* **DIRECTIONS FOR THIS TASK**
Pictures stay out of the copy; set down each line of the listing below exactly.

* **RECORDED DATA**
********************
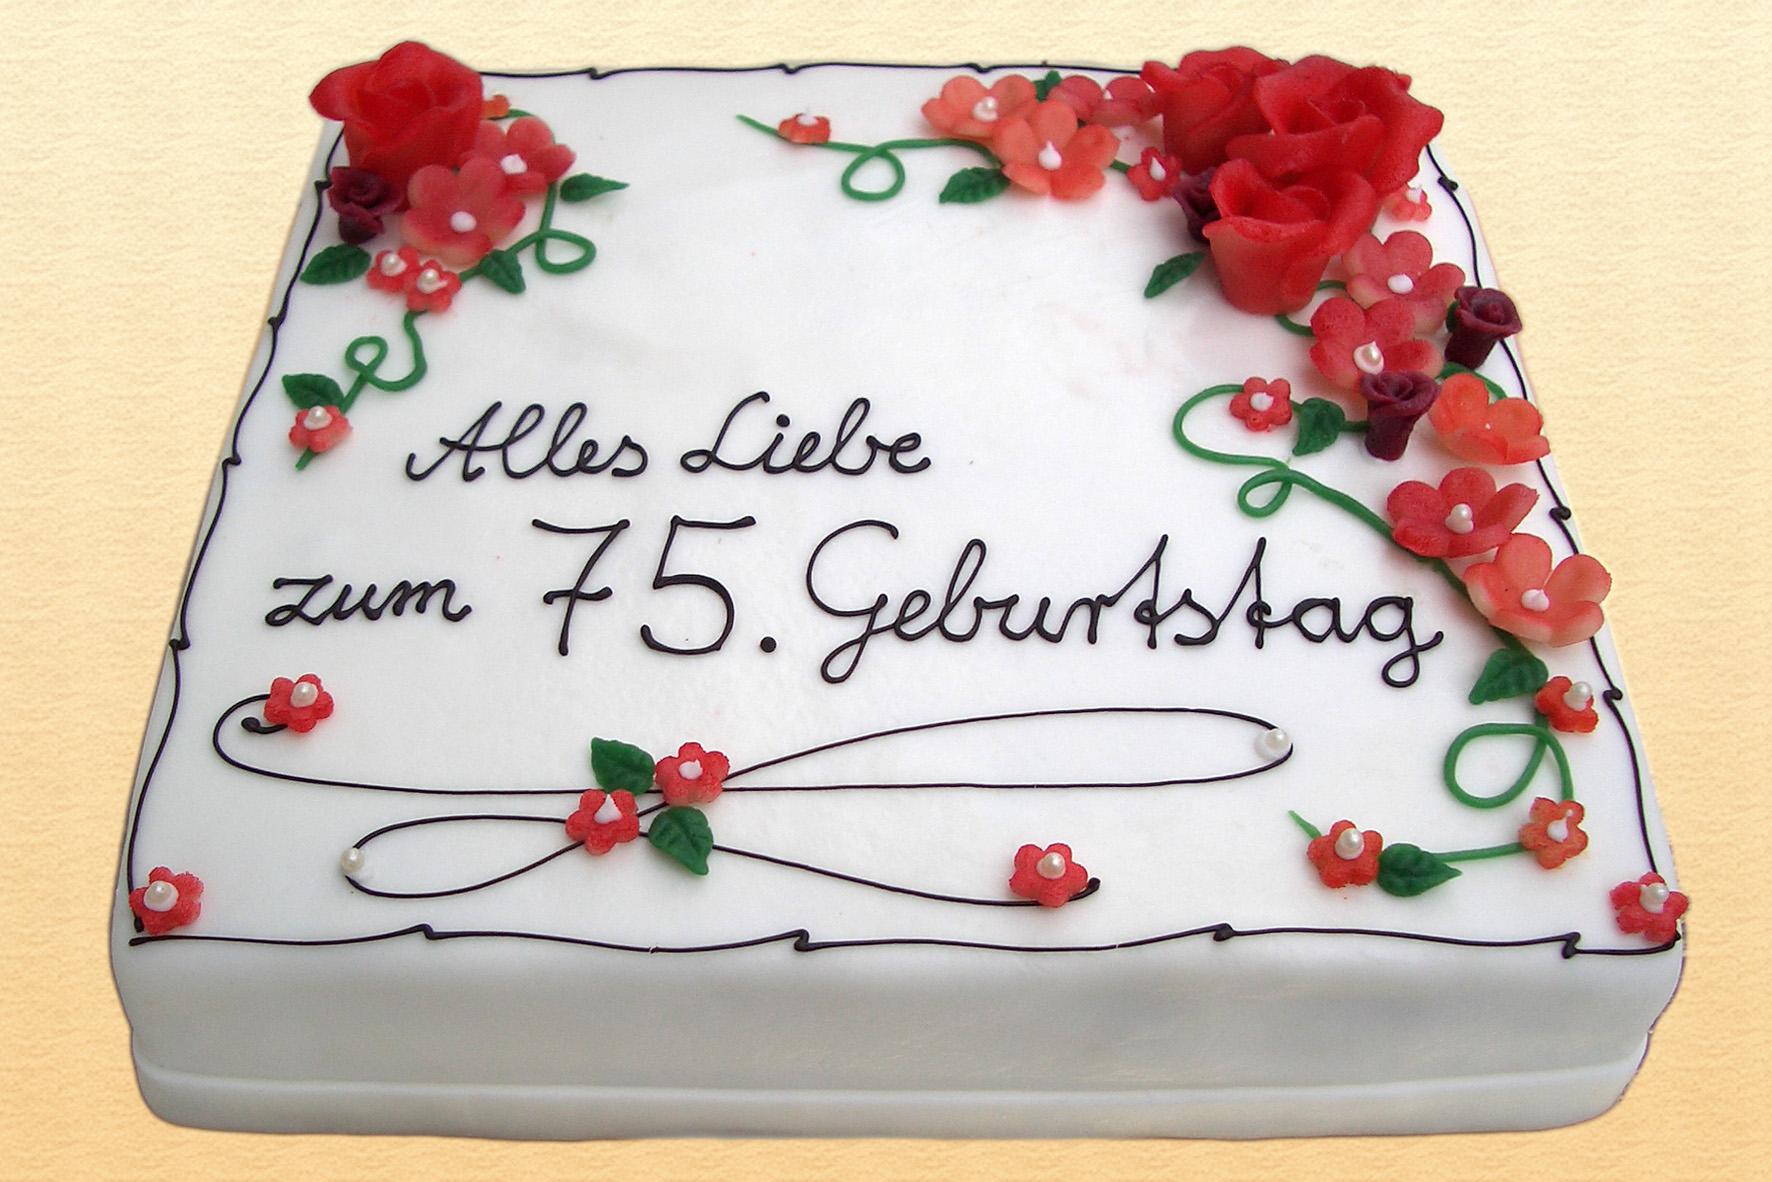 Geburtstagstorte Geburtstagskuchen Mit Der Aufschrift Happy Birthday ...
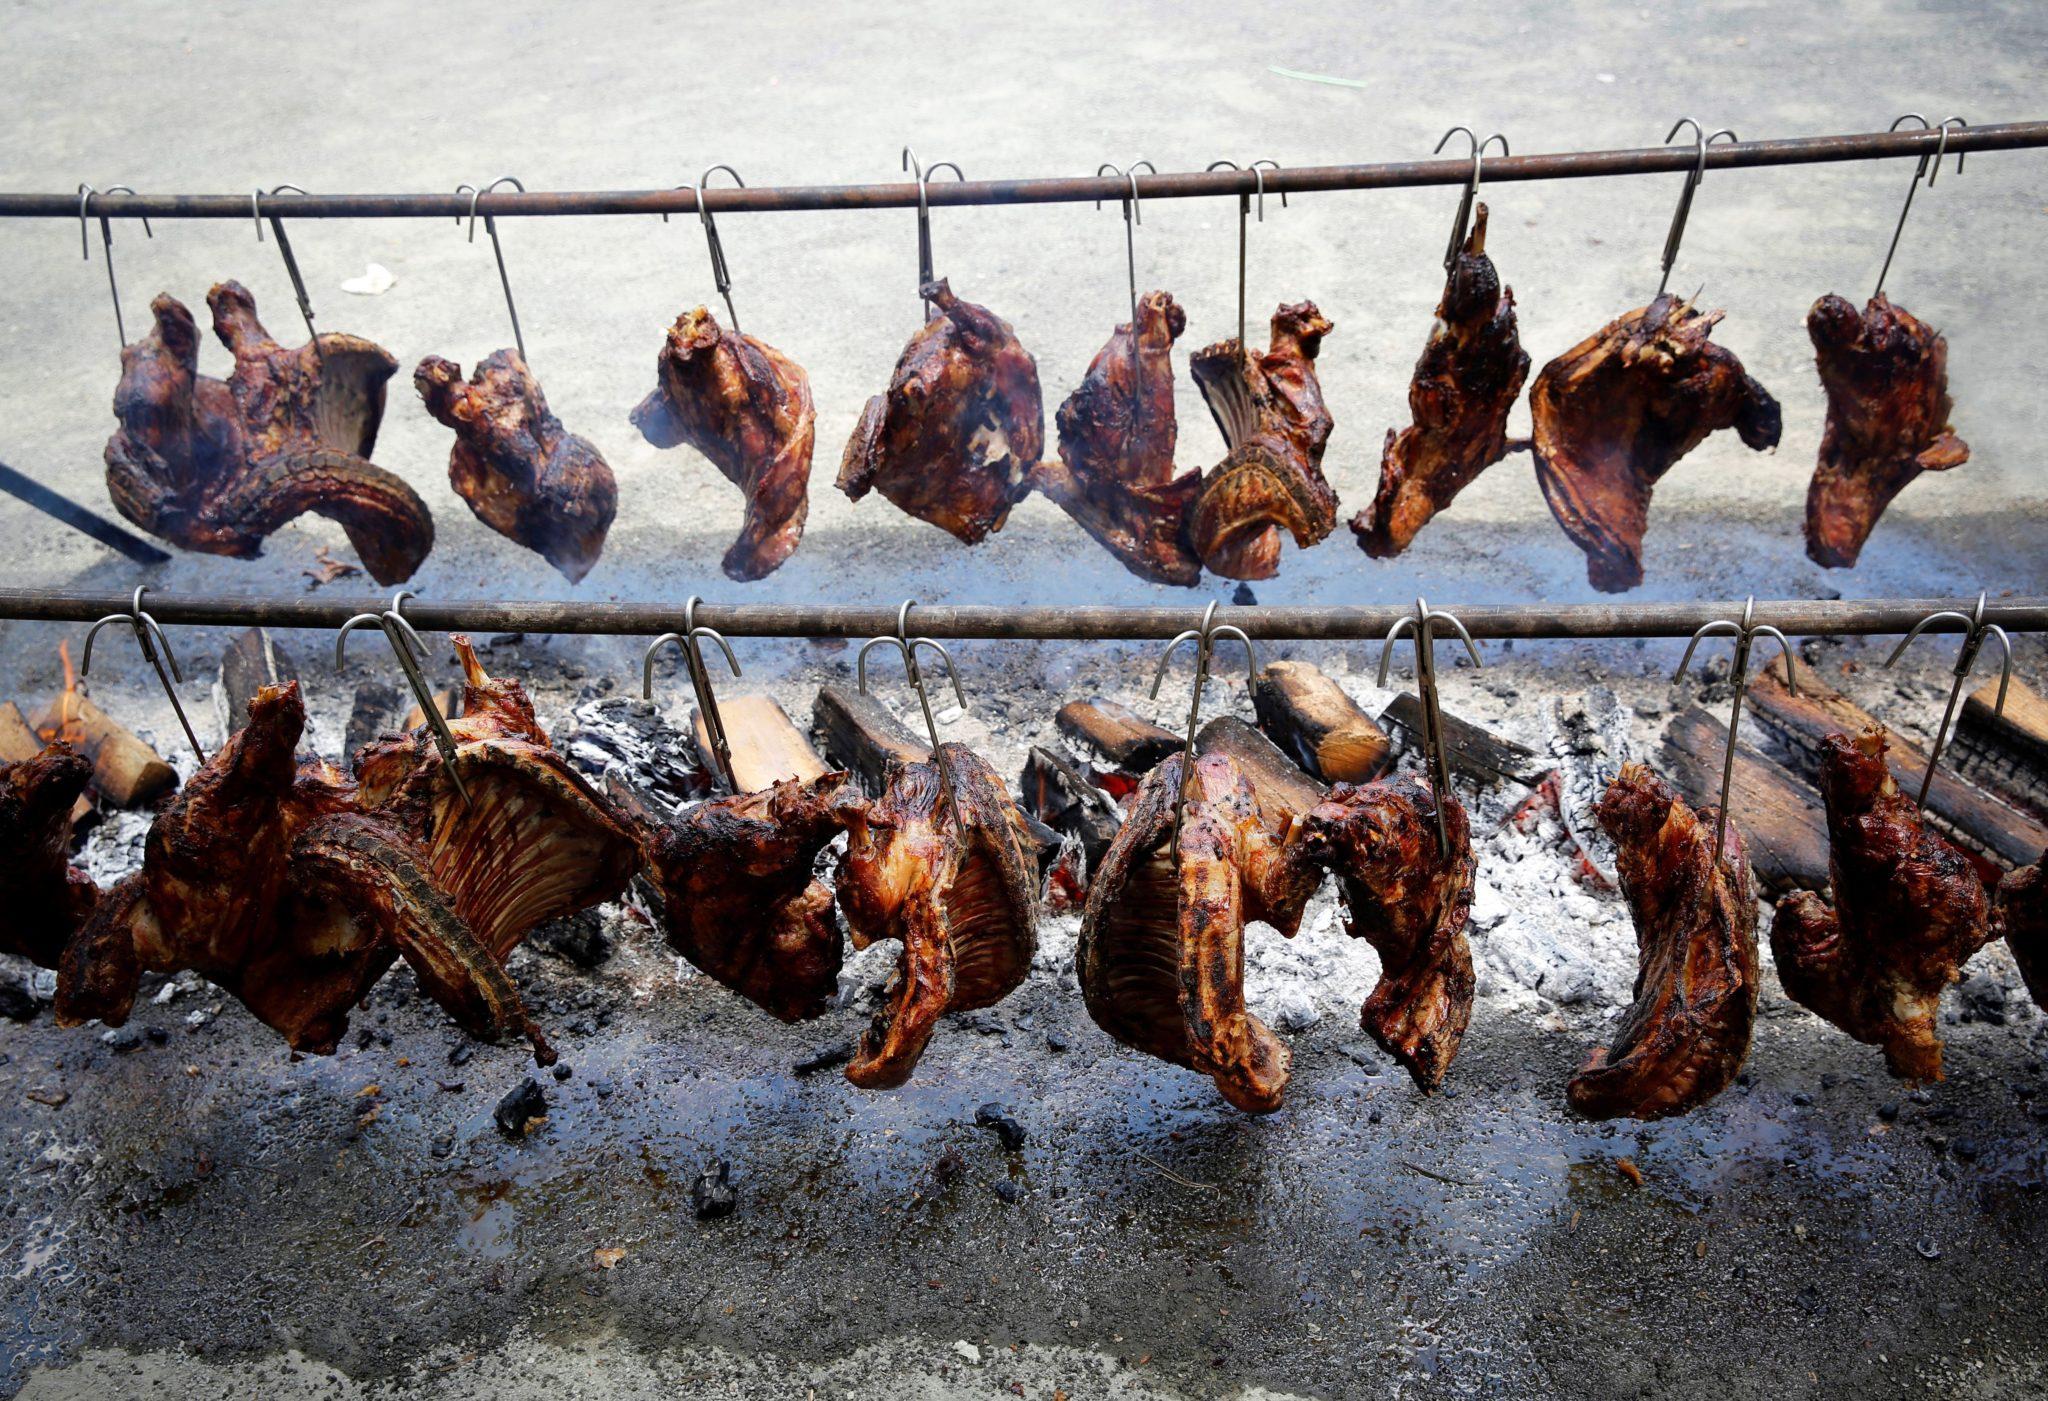 Hiszpania: mięso baranka na stojaku podczas trzeciego dnia Festiwalu San Fermin w Pampelunie, fot: Villar Lopez, PAP/EPA
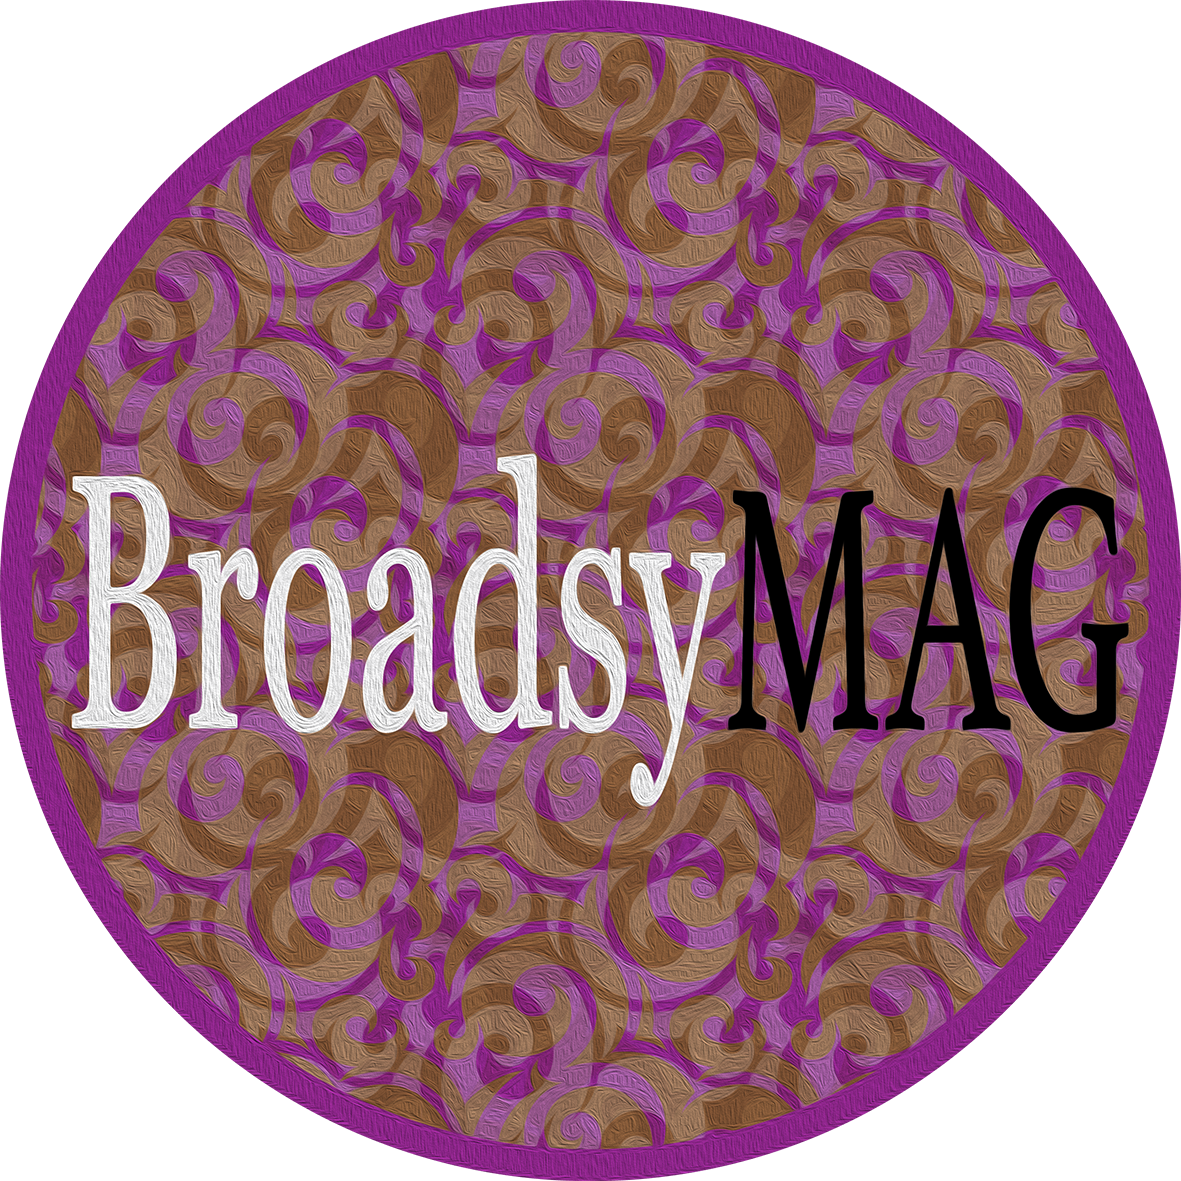 BroadsyMAG
********************
* **RESULT OF THE EXERCISE**
 Geburtstagstorte Geburtstagskuchen Mit Der Aufschrift Happy Birthday ...
 Hiszpania: mięso baranka na stojaku podczas trzeciego dnia Festiwalu San Fermin w Pampelunie, fot: Villar Lopez, PAP/EPA
 BroadsyMAG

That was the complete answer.